Advanced AI agents for discrete event simulation using self-reflection and task planning

DOI

An intelligent agent system that demonstrates reasoning patterns for simulation experimentation through the Model Content Protocol (MCP). This project showcases two agent architectures—self-reflection and task planning—applied to a healthcare call centre optimization problem.

🎯 Overview

This pilot project explores how AI agents can autonomously discover, configure, and experiment with discrete event simulation models. By implementing advanced reasoning patterns like self-reflection and multi-step task planning, the agents can intelligently reason about simulation parameters, learn from validation failures, and run models based on natural language interaction.

Key Innovations

  • 🧠 Self-Reflection Agent: Uses LangGraph state machines to iteratively refine parameters through validation feedback loops
  • 📋 Planning Agent: Employs LangChain and a dual-LLM architecture for task decomposition and execution planning
  • 🔄 MCP Integration: Uses the Model Content Protocol for standardized tool and resource access to the simulation model
  • ⚡ Intelligent Parameter Generation: Converts natural language to structured simulation parameters with validation
  • 🎯 Application: Healthcare call centre optimization with nurse callback modeling

🏗️ Architecture

The system consists of three main layers connected through the Model Content Protocol:

🤖 Agent Layer

Two complementary agent architectures demonstrate different reasoning approaches:

Planning Agent (agent_planning_workflow.py)

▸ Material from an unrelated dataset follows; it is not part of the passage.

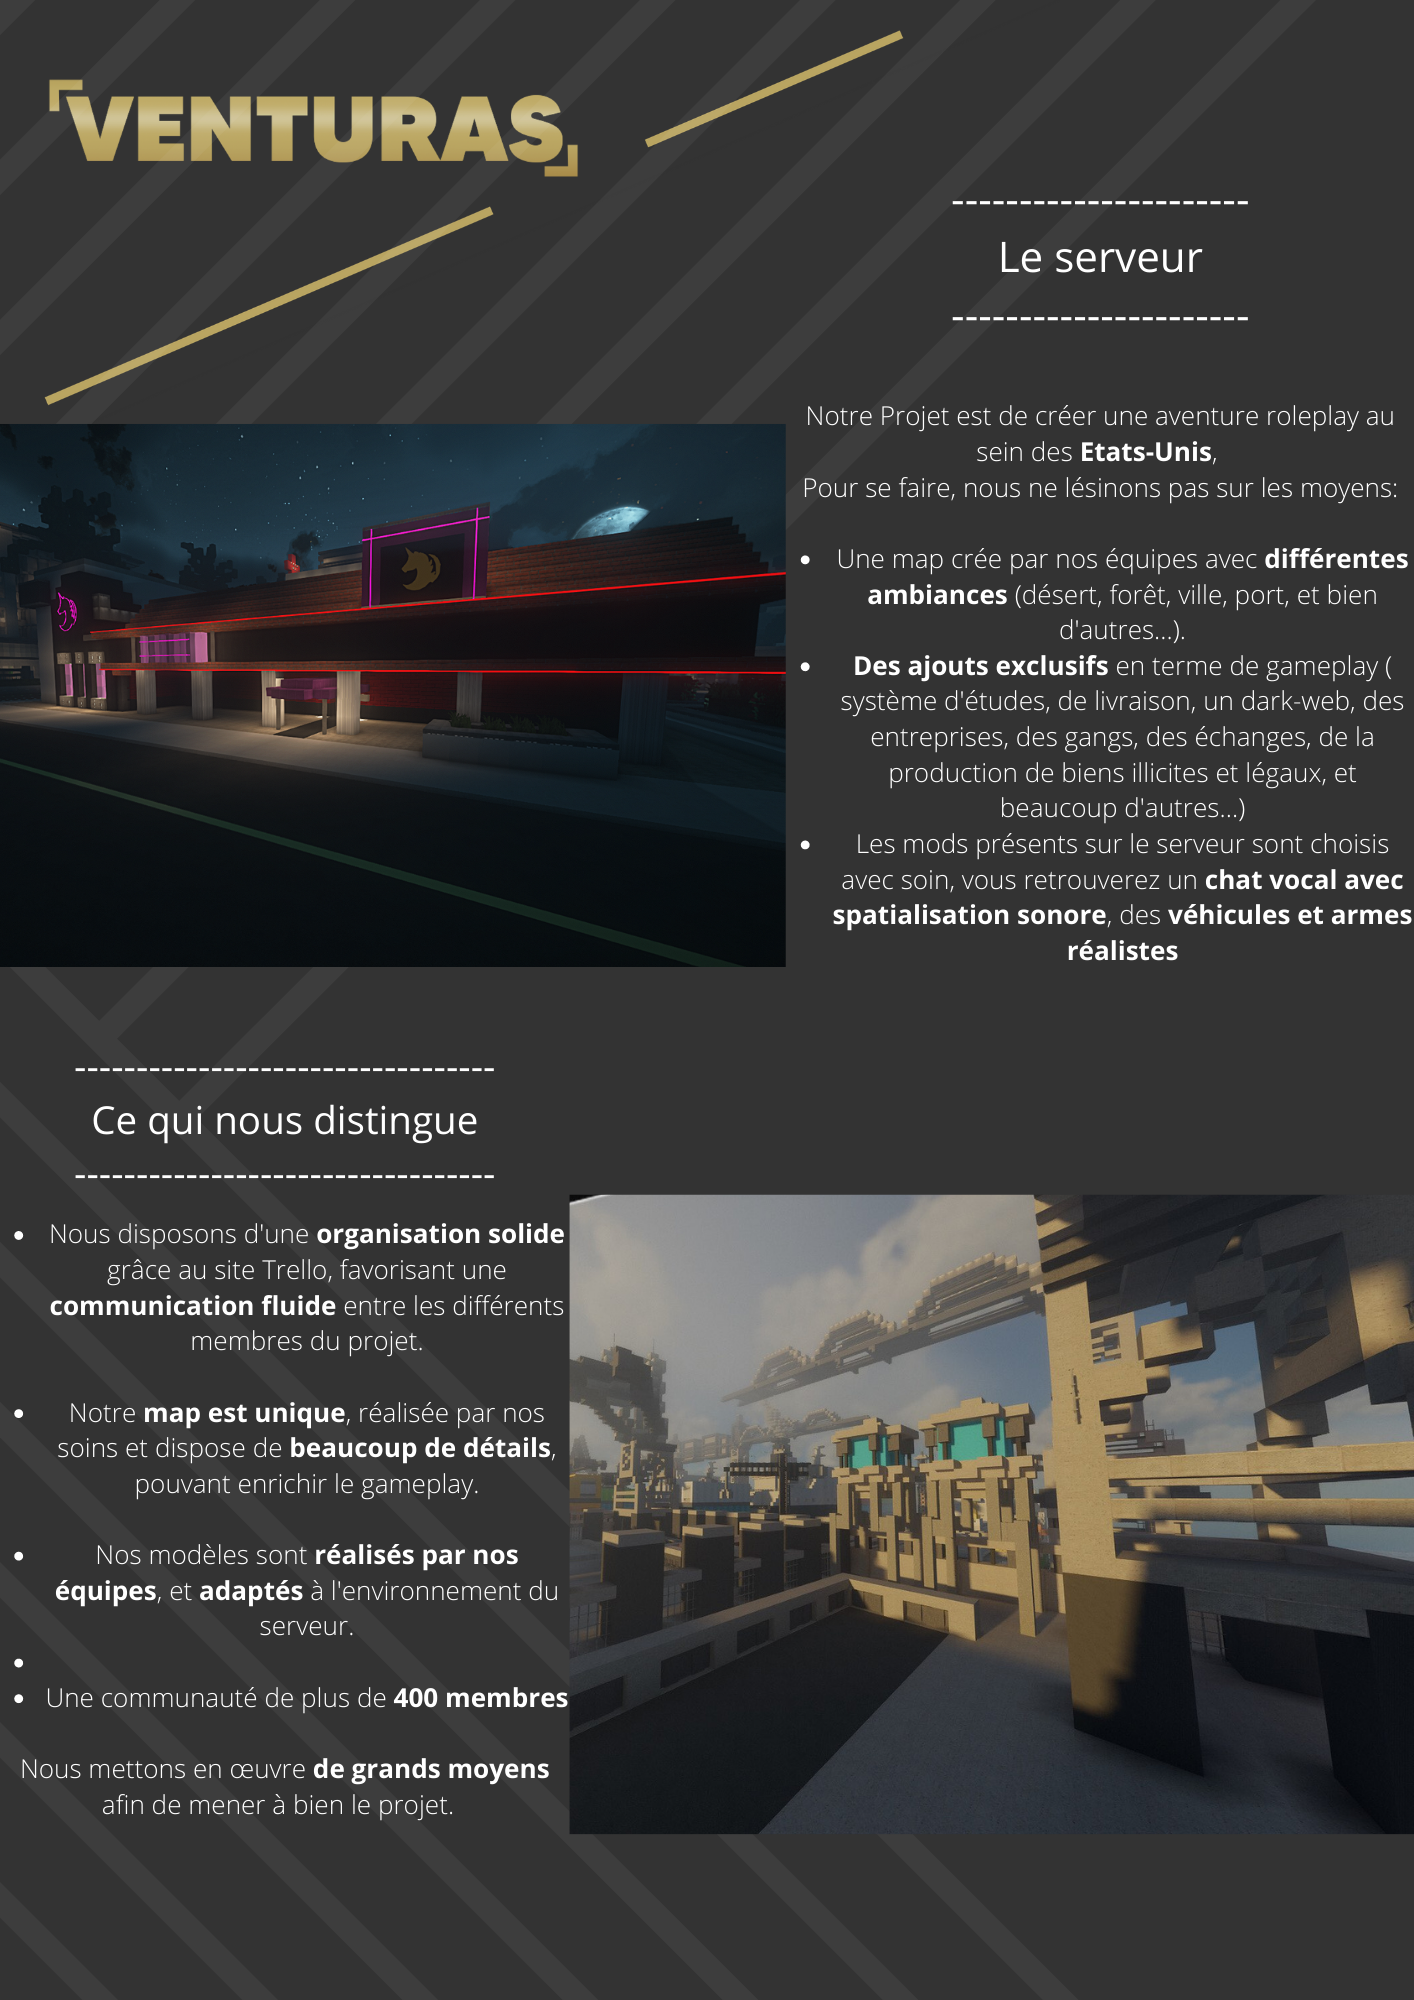 Annonce recrutement Venutras V3-page1.png

  • Dual LLM Architecture: Separate models for reasoning/planning and result summarization
  • Dynamic Task Planning: LLM generates step-by-step execution plans from available MCP capabilities
  • Memory-Driven Execution: Maintains state between plan steps for complex workflows
  • Flexible Model Selection: Command-line options for different LLM models and debug modes

Self-Reflection Agent (agent_self_reflection.py)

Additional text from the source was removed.